*** DATA PROVIDED ***

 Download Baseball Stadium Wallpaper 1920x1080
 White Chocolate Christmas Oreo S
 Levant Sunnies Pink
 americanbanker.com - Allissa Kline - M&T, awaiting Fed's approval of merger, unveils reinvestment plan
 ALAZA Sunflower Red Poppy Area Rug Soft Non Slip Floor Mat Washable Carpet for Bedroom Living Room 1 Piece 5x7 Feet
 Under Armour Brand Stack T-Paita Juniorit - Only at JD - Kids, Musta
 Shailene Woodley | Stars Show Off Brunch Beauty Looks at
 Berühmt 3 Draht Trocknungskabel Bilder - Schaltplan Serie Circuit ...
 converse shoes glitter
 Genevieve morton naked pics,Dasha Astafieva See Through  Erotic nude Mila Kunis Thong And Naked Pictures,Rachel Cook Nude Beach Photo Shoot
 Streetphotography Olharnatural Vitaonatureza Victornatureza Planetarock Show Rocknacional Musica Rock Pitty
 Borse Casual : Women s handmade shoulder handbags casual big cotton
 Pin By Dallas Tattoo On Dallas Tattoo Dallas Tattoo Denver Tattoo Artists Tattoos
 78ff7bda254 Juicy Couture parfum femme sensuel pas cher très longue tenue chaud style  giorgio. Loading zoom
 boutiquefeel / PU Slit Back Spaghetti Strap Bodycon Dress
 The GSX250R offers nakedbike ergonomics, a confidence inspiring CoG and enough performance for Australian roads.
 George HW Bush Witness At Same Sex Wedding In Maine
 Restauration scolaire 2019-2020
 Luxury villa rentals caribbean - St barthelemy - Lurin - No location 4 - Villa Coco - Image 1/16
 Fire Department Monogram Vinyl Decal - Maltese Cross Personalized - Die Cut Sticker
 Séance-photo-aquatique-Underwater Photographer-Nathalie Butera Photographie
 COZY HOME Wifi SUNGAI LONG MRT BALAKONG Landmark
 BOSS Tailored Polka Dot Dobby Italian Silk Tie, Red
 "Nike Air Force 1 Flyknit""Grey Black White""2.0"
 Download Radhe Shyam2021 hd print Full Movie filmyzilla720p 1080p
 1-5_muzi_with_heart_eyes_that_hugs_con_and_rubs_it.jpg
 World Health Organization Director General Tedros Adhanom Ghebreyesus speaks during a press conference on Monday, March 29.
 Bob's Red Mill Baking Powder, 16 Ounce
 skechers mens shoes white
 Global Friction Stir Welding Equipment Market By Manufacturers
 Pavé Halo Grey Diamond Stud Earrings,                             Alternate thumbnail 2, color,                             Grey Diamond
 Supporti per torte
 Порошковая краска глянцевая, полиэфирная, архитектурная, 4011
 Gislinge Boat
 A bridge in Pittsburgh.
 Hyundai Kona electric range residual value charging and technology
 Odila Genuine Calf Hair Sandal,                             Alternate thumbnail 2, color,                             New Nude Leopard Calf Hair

*** End of DATA PROVIDED ***

Leave out every line above except those from the line with "White Chocolate Christmas Oreo S" up to and including the line with "Supporti per torte", and copy those exactly.

 White Chocolate Christmas Oreo S
 Levant Sunnies Pink
 americanbanker.com - Allissa Kline - M&T, awaiting Fed's approval of merger, unveils reinvestment plan
 ALAZA Sunflower Red Poppy Area Rug Soft Non Slip Floor Mat Washable Carpet for Bedroom Living Room 1 Piece 5x7 Feet
 Under Armour Brand Stack T-Paita Juniorit - Only at JD - Kids, Musta
 Shailene Woodley | Stars Show Off Brunch Beauty Looks at
 Berühmt 3 Draht Trocknungskabel Bilder - Schaltplan Serie Circuit ...
 converse shoes glitter
 Genevieve morton naked pics,Dasha Astafieva See Through  Erotic nude Mila Kunis Thong And Naked Pictures,Rachel Cook Nude Beach Photo Shoot
 Streetphotography Olharnatural Vitaonatureza Victornatureza Planetarock Show Rocknacional Musica Rock Pitty
 Borse Casual : Women s handmade shoulder handbags casual big cotton
 Pin By Dallas Tattoo On Dallas Tattoo Dallas Tattoo Denver Tattoo Artists Tattoos
 78ff7bda254 Juicy Couture parfum femme sensuel pas cher très longue tenue chaud style  giorgio. Loading zoom
 boutiquefeel / PU Slit Back Spaghetti Strap Bodycon Dress
 The GSX250R offers nakedbike ergonomics, a confidence inspiring CoG and enough performance for Australian roads.
 George HW Bush Witness At Same Sex Wedding In Maine
 Restauration scolaire 2019-2020
 Luxury villa rentals caribbean - St barthelemy - Lurin - No location 4 - Villa Coco - Image 1/16
 Fire Department Monogram Vinyl Decal - Maltese Cross Personalized - Die Cut Sticker
 Séance-photo-aquatique-Underwater Photographer-Nathalie Butera Photographie
 COZY HOME Wifi SUNGAI LONG MRT BALAKONG Landmark
 BOSS Tailored Polka Dot Dobby Italian Silk Tie, Red
 "Nike Air Force 1 Flyknit""Grey Black White""2.0"
 Download Radhe Shyam2021 hd print Full Movie filmyzilla720p 1080p
 1-5_muzi_with_heart_eyes_that_hugs_con_and_rubs_it.jpg
 World Health Organization Director General Tedros Adhanom Ghebreyesus speaks during a press conference on Monday, March 29.
 Bob's Red Mill Baking Powder, 16 Ounce
 skechers mens shoes white
 Global Friction Stir Welding Equipment Market By Manufacturers
 Pavé Halo Grey Diamond Stud Earrings,                             Alternate thumbnail 2, color,                             Grey Diamond
 Supporti per torte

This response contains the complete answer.